09:50firebothttps://bugzil.la/1393524 NEW, dhouse@mozilla.com Change mac-mini slaves to not always run puppet at boot.
09:51aobreja|builddutypmoore:no I'm testing to see if that cause the problem
09:51aobreja|builddutyon my environment
09:51aobreja|buildduty8now
09:51aobreja|buildduty*now
09:51pmooreok :)
10:18aobreja|builddutybug1393524 doesn't seems to affect ,tested on my environment and the issue persist after backout
10:18firebothttps://bugzil.la/1393524 NEW, dhouse@mozilla.com Change mac-mini slaves to not always run puppet at boot.
10:24aobreja|builddutyso a backout will not help
10:36mtabaraaobreja|buildduty: I wonder if testing on a fresh loaner would help
10:38aobreja|builddutypuppet should had change the status : last-good-run but it didn't,still i'm not sure if my test could reveal anything since it's touching reboot flag
11:41travis-cibuild-puppet#1945 (production - cb28bc5 : Amy Rich): The build passed. (https://travis-ci.org/mozilla/build-puppet/builds/272860728)
12:17travis-cibuild-puppet#1947 (master - ab2e356 : Andrei Obreja): The build passed. (https://travis-ci.org/mozilla/build-puppet/builds/272871772)
12:25travis-cibuild-puppet#1948 (master - 1493fcd : Amy Rich): The build passed. (https://travis-ci.org/mozilla/build-puppet/builds/272874256)
12:26travis-cibuild-puppet#1949 (production - 0668f14 : Amy Rich): The build passed. (https://travis-ci.org/mozilla/build-puppet/builds/272874273)
12:42travis-cibuild-tools#1958 (master - e059f26 : Johan Lorenzo): The build passed. (https://travis-ci.org/mozilla/build-tools/builds/272878457)

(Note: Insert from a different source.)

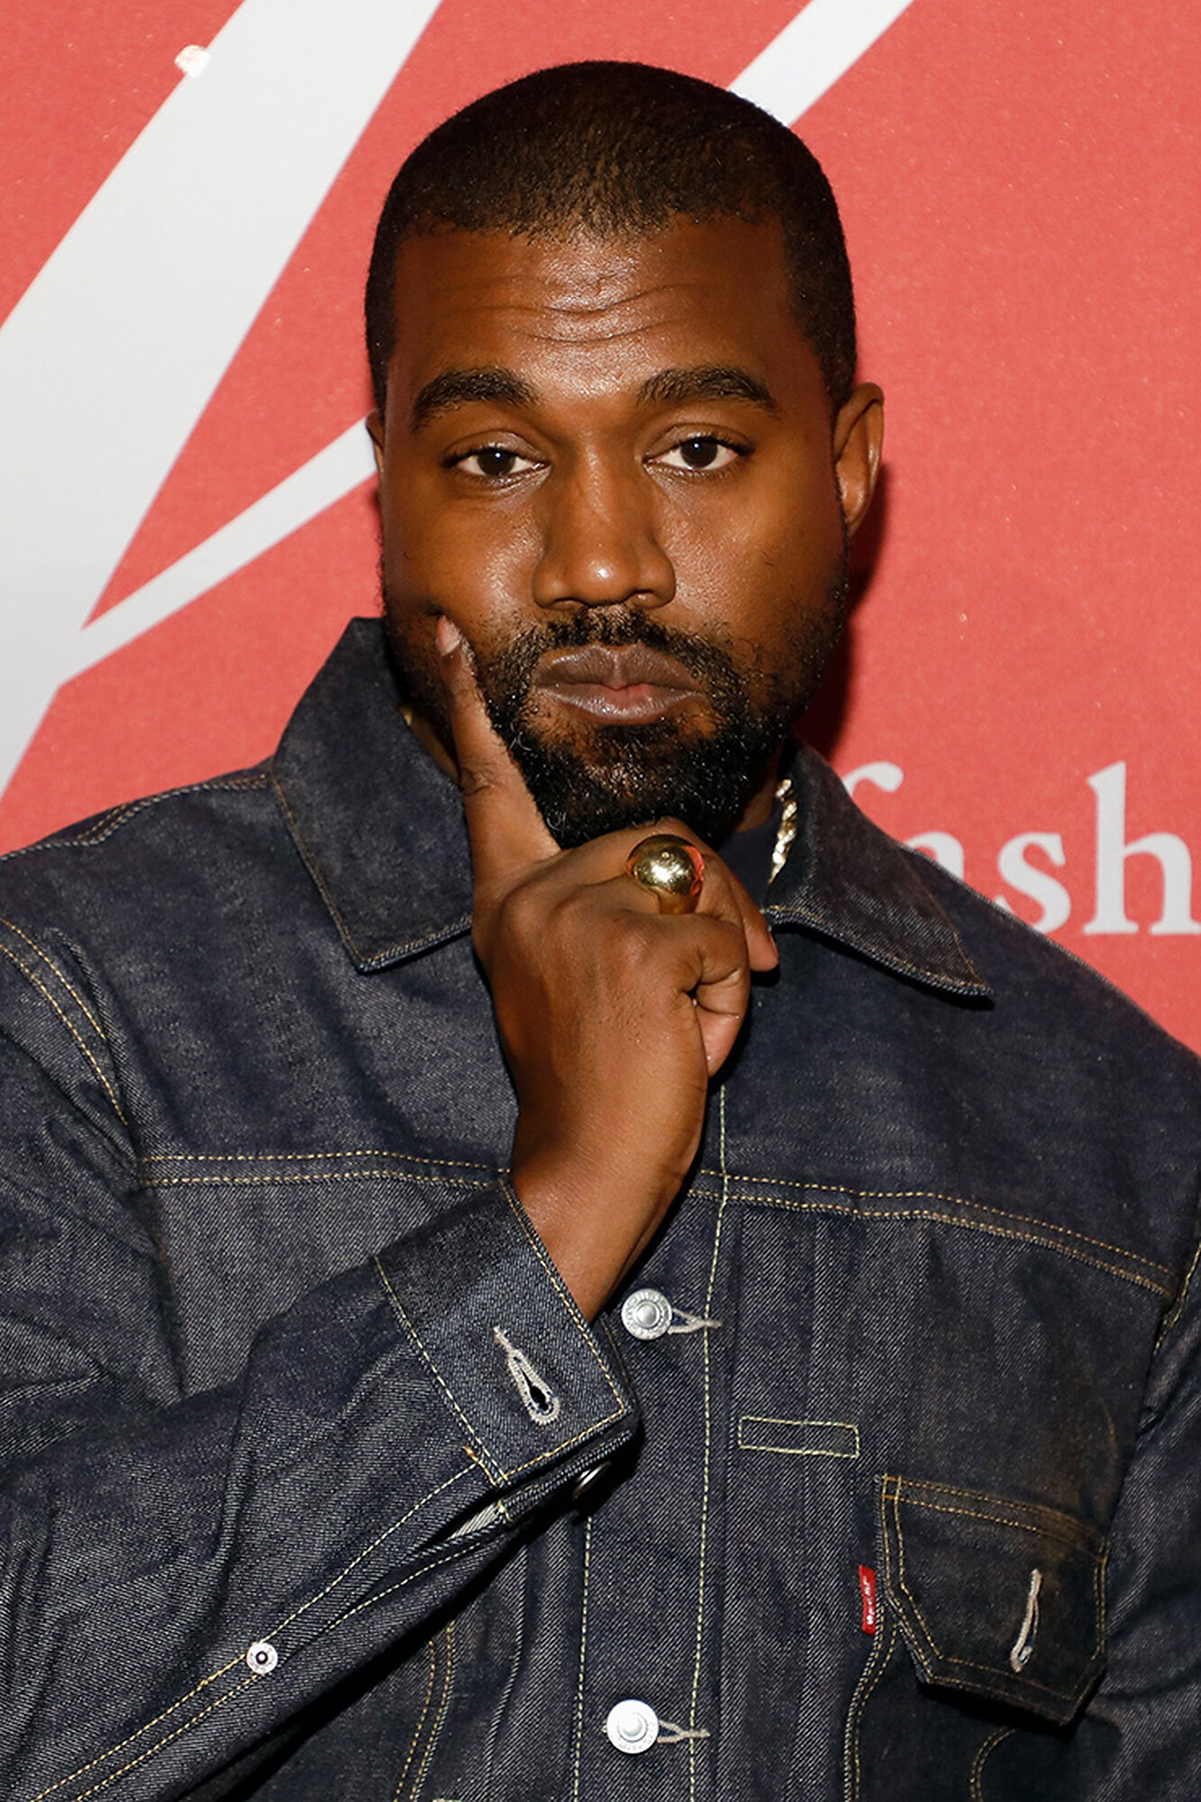 Kanye West unfollowed Kim Kardashian

13:58catleemtabara: re https://bugzilla.mozilla.org/show_bug.cgi?id=1396337, what we'd like is for nightly artifacts to have a short cache max-age, and have release artifacts have a longer expiry
13:58firebotBug 1396337 UNCONFIRMED, nobody@mozilla.org CDN Max Age causes frequent sha512 mismatches on firefox nightly
13:58catleeI wonder if we could override the default max age in the beetmover template
13:59catleekmoir-mtg: thanks for getting that buildbot try syntax patch landed!
13:59kmoir-mtgyw
14:00kmoirglad to see less red on try
14:03catleeyeah
14:03catleeless confusing too
14:06sfraserhmm, wish you could filter by 'compatible with firefox 57+' on addons.m.o rather than just have it as a label you visually scan for when looking through the list
14:44mtabaracatlee: release artifacts as in ... fennec artifacts candidates so far, right? We have a different beetmover for releases. just wanted to make sure we're talking about the same thing
14:45mtabarawould you prefer the hackish short-term plan or a nice rewriting of the templates? depends how urgent this is I suppose
14:51catleemtabara: firefox artifacts
16:04armenzgcatlee: does shipit-uplift have CORS headers?
16:04armenzgwho do I ask while garbas is away?
16:05jmaherjryans: I have noticed that the stylo-disabled test jobs which run on hardware do not run; we only run on stylo- I suspect this is because there is no stylo-disabled buildernames for the tests
16:06jryansjmaher: aha! that's would need a BB change?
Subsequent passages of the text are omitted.